Bishop McKnight offered the Saturday evening Vigil Mass Aug. 5 in Immaculate Conception Church in Jefferson City, during which he formally admitted seminarian Shane Kliethermes, who begins his theology studies at Mundelein Seminary in Chicago this month, into candidacy for the Priesthood.

“Trusting in the Lord, we will assist you with our charity and our prayers,” the bishop told Mr. Kliethermes.

It was the Vigil Mass for the Feast of the Transfiguration of the Lord. The feastday celebrates how Jesus’s divine glory was revealed to three of his Apostles when they joined him in prayer atop Mount Tabor in the Holy Land.

The Rite of Admission to Candidacy is a pivotal step in the journey to ordained Priesthood. It is celebrated when a seminarian has reached a maturity of purpose in his formation and has demonstrated the necessary qualifications for ordination.

“From this day forward, you must cultivate your vocation in greater depth,” Bishop McKnight told Mr. Kliethermes, a native of Immaculate Conception Parish. “To that end, make particular use of whatever means may be offered to you for your help and support by the ecclesial community entrusted with this task.”

In the presence of the bishop and the people, Mr. Kliethermes expressed his intention to complete his preparation for Holy Orders, and his resolve to fully invest himself to that end, so that he will serve Christ and the Church faithfully.

Joining Bishop McKnight at the altar were Father Anthony Onyeihe, associate pastor of Immaculate Conception Parish; Father Donald Antweiler, who served as pastor from 2015 to 2022; and Father Paul Clark, vocation director for the diocese.

Mr. Kliethermes and seven of his nine fellow seminarians of this diocese, each preparing to return to studies and formation after spending the summer here, assisted the bishop during the Mass as servers and in various other roles at and near the altar.

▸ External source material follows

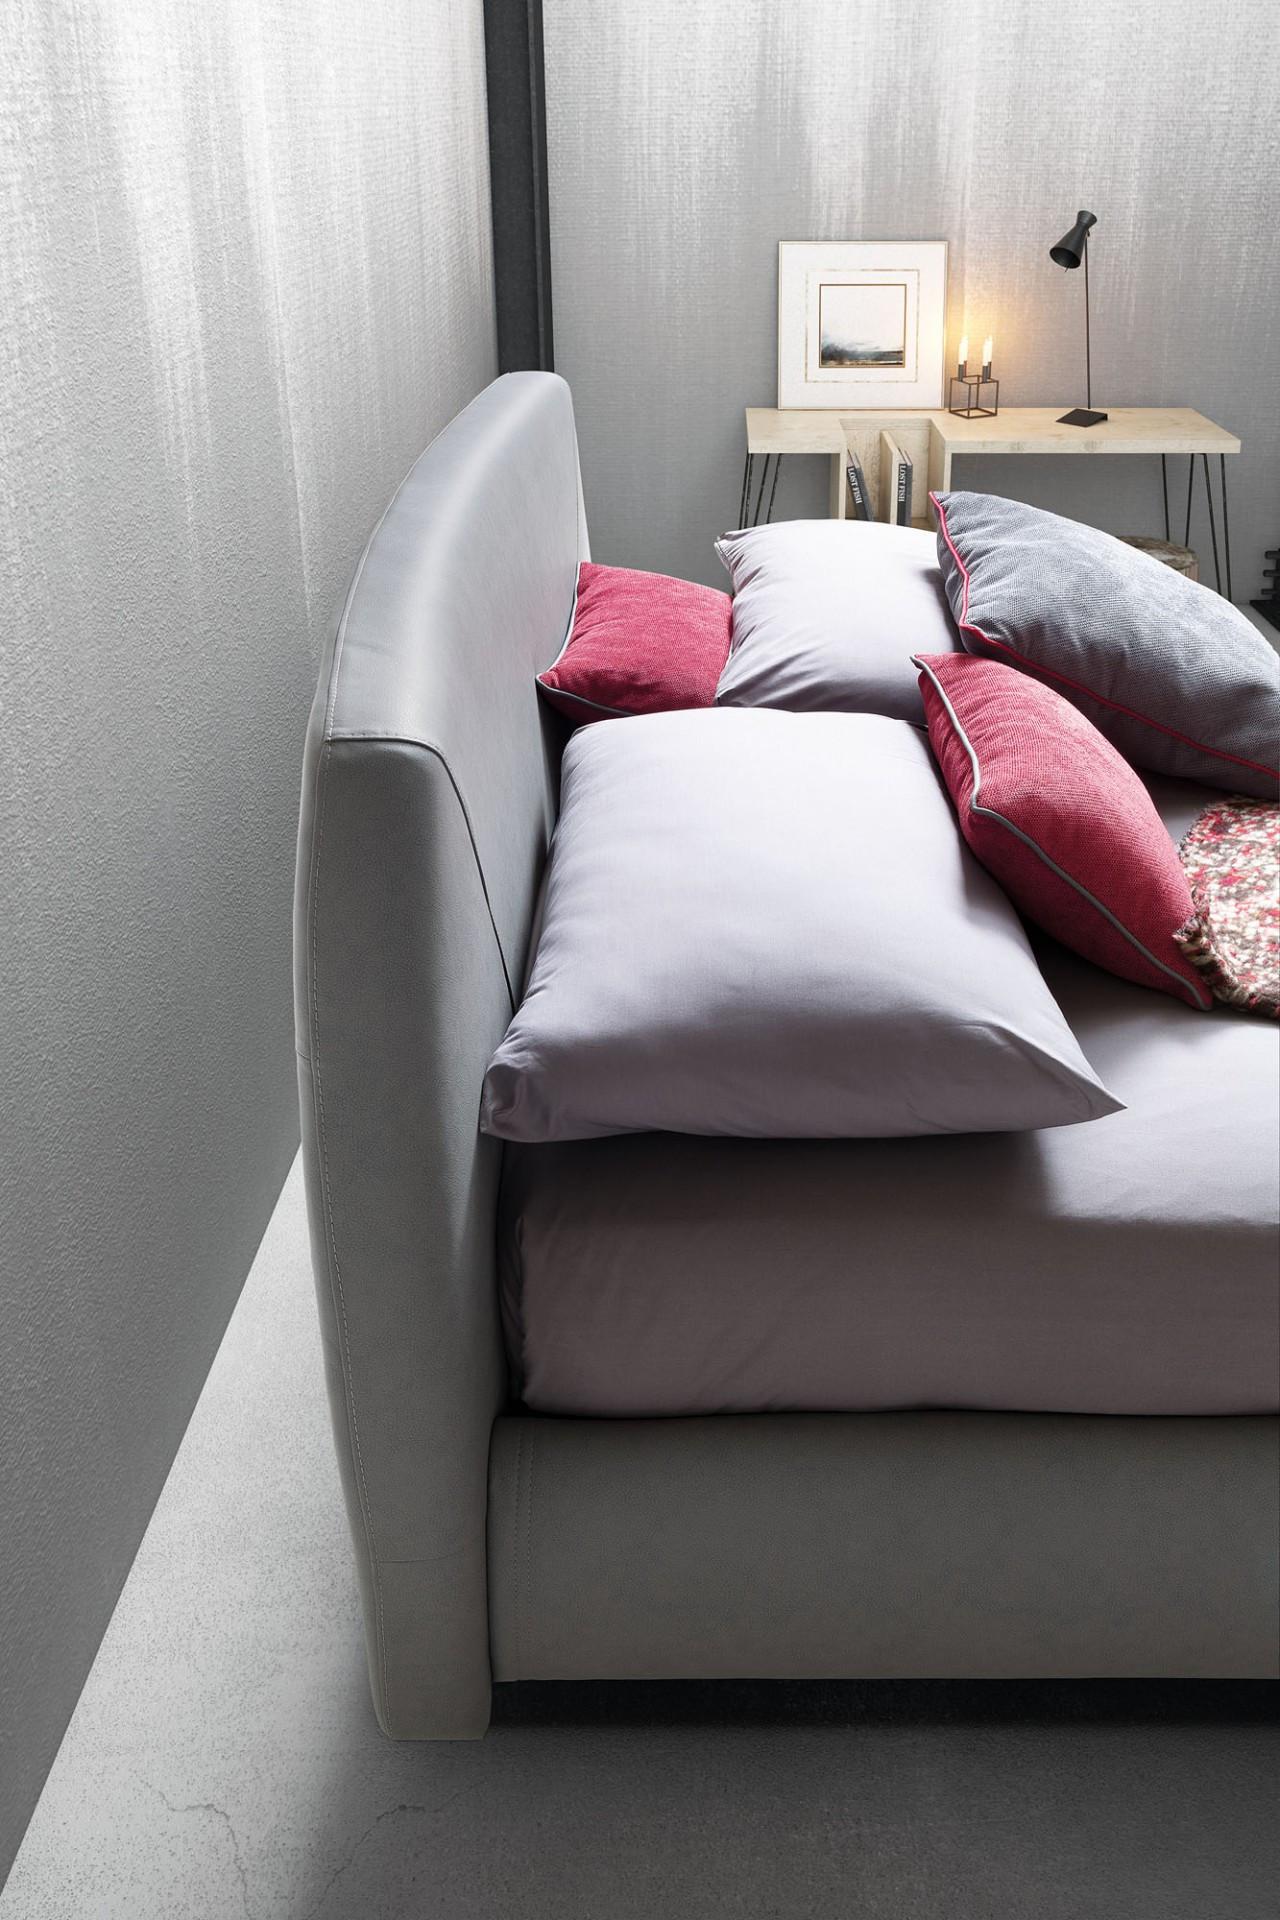 Beds Belmondo Lecomfort

In his homily, Bishop Mc­Knight noted that the Transfiguration took place while Jesus was traveling to Jerusalem, where he knew he would give up his life and be raised up three days later.

The bishop reminded the people that the Catholic faith is bound up in Jesus’s death and resurrection.

“There is no greater way to reveal the love of God for us than becoming man to die for me, for you!” he stated.

“Our churches are to be a kind of Mount Tabor everywhere throughout the world and in every community,” the bishop said. “This is where we go when life gets rough — the difficulties of our various vocations, the providence of God at work in our lives.”

At Baptism, all believers are incorporated into the sonship of the Son — “that special relationship that the Son of God has with the Father in the inner life of the Holy Trinity,” the bishop noted.

That initiation obligates all who are baptized to treat each other with respect and to recognize the image and likeness of God in every person.

The bishop noted that all who have a priestly vocation share in the same Baptism as the people they’re called to serve.

“From among the baptized, the Church calls men into the ministry of the Priesthood to share in Christ’s prophetic, priestly and royal ministry, in service and in charity, in service to the revelation of God,” he stated.

He said Mr. Kliethermes has completed what is now known as the Discipleship Phase of his priestly formation.

“And now, he is about to enter a new phase, more immediate to ordination, that the Church calls the Configuration Phase of priestly formation,” he said.

As part of the Rite of Candidacy, Mr. Kliethermes stood before the bishop and stated his intention to live according to the Gospel and be strengthened in faith, hope and charity.

“By practicing these virtues, you will grow in a spirit of prayer and in zeal for winning all people for Christ,” Bishop McKnight told him.

The bishop asked God to bless Mr. Klietheremes, “so that he may persevere in his vocation, and clinging to Christ, the Priest, with sincere charity may able to take up apostolic office worthily.”

At the end of Mass, the bishop asked everyone present to “take a good look at the seminarians in the sanctuary” and to continue praying for them.

“One or more of them may serve in your parish someday in the future,” he stated.